Interesting! I too am suffering from what has been diagnosed as "panic attacks". At first it wasn't even something that I noticed. My doctor noticed that my blood pressure was slightly high, and that my face was flushed, as if I had a sunburn. She prescribed Zoloft, an antidepressant that's also used to treat anxiety disorders. The Zoloft didn't do anything, and I eventually quit using it with no problem.
I've always been a very calm person, and not at all bothered by stressful situations. MOF I've done my best work when it's "showtime" and I've had to perform flawlessly in often fluid conditions. But I was doing boring desk duty when by symptoms appeared. No worries, no stress. I was also diagnosed with a physical illness that "may be stress-related". I can still remember my boss, who wasn't known for being a sensitive guy, taking me aside and very sincerely asking me if he was putting me under too much stress. He wasn't! It was like my body had a mind of its own.
Eventually it got to the point that I felt the need for some kind of chemical relief.
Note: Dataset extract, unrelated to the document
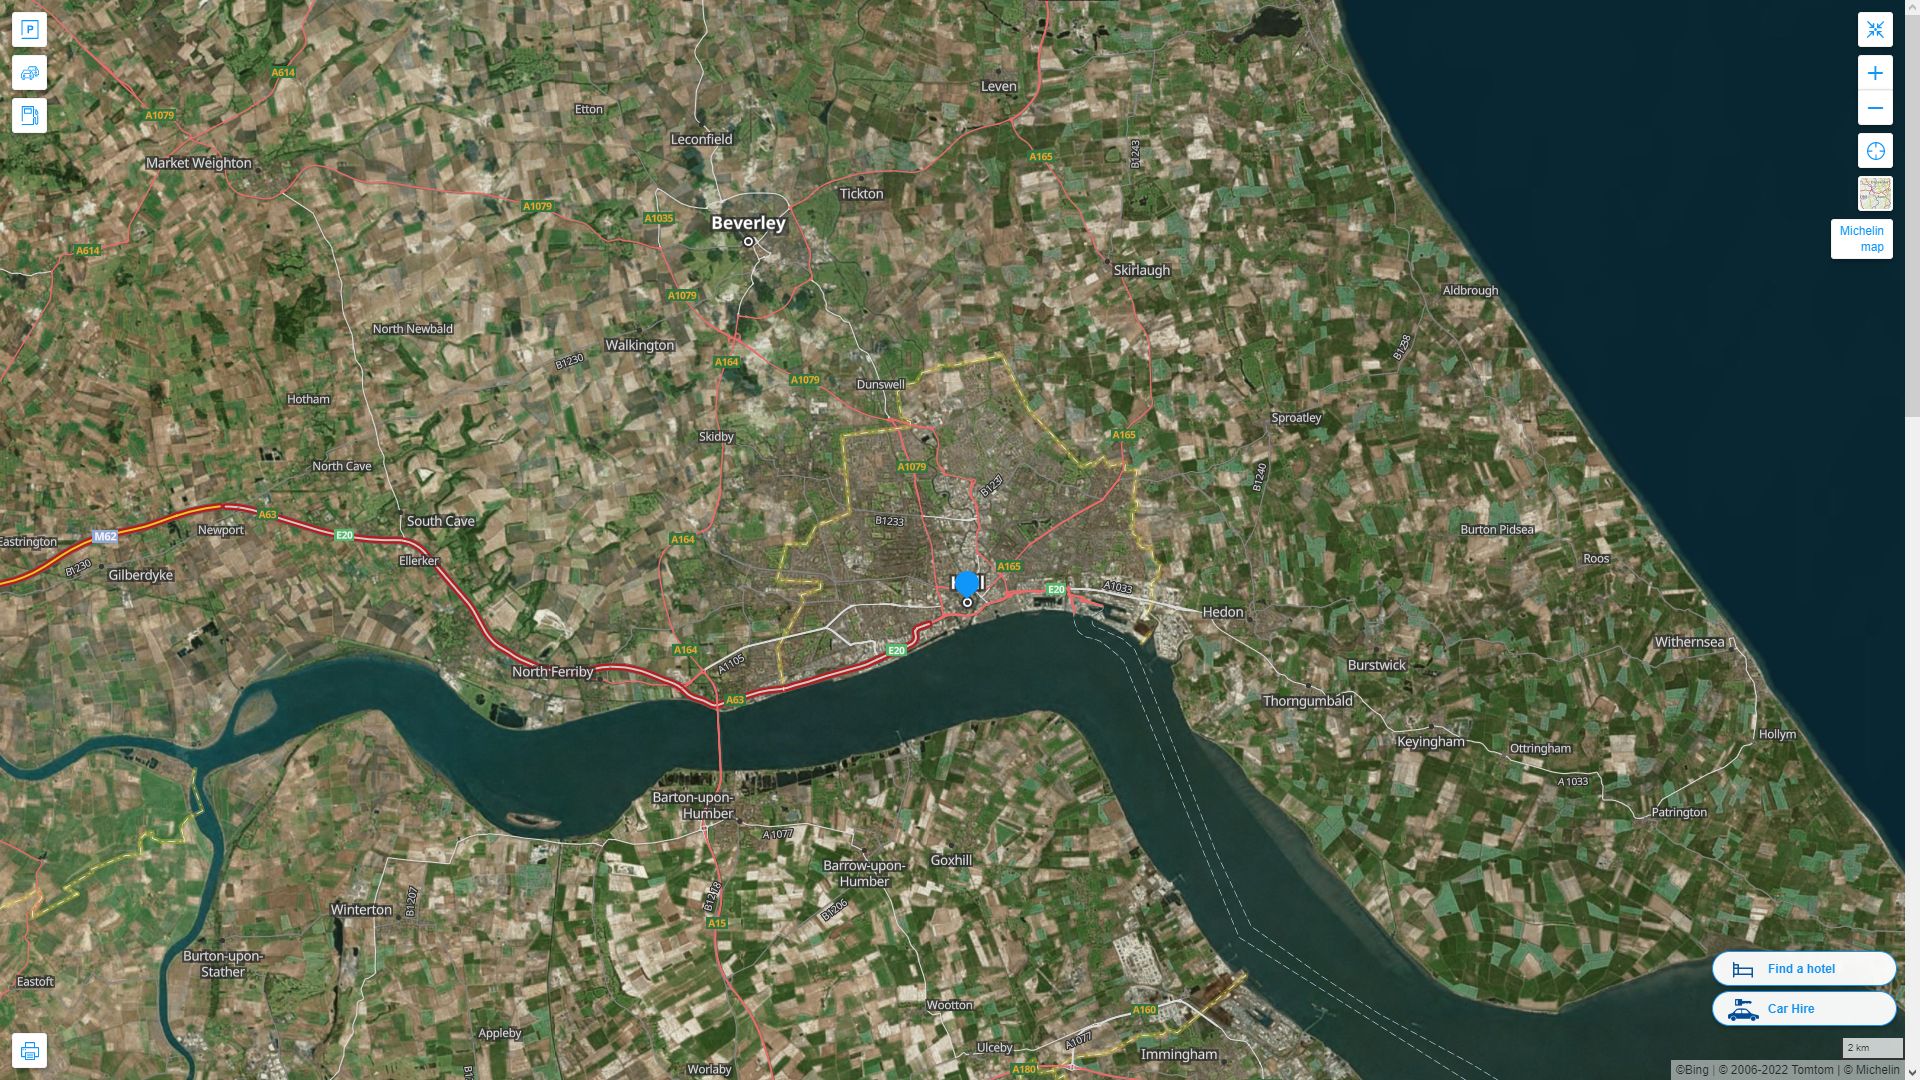 Kingston Upon Hull Royaume Uni Autoroute et carte routiere avec vue satellite

Although it felt completely physiological to me, I had to go to a psychiatrist to get the meds, and that's when I was diagnosed.
For the last 10 years I've been taking 1mg. of Xanax 4 times a day, and the "panic attacks" (it feels more like my adrenal glands are stuck open; I feel no emotional panic) have been under control. When I try to taper off, I'll be OK until, without warning, that rush of adrenaline comes back with no warning, no trigger that I have ever noticed. So I take my meds as directed and live my life normally.
Vinsanity93, I noticed that you also didn't cite any major event that may have caused your attacks. No emotional trauma etc. I'm curious, do you feel like your affliction is a mood-altering one? I mean, do you always have scary or otherwise unpleasant emotional
symptoms? Sometimes? Not at all?
I get this impression that I'm supposed to feel
the panic, but the fact is that I don't. It's unpleasant, and I have justified concerns about losing control at a bad time, like when I'm driving and other situations when I could get hurt as a result of being distracted by my symptoms. I don't know if that's good or bad.
Since I'm not a MD, I don't have any advice for you. I hope it's some comfort to know that whatever it is, you're in good company.
I hope you find a solution that doesn't get in the way with you having a full and happy life!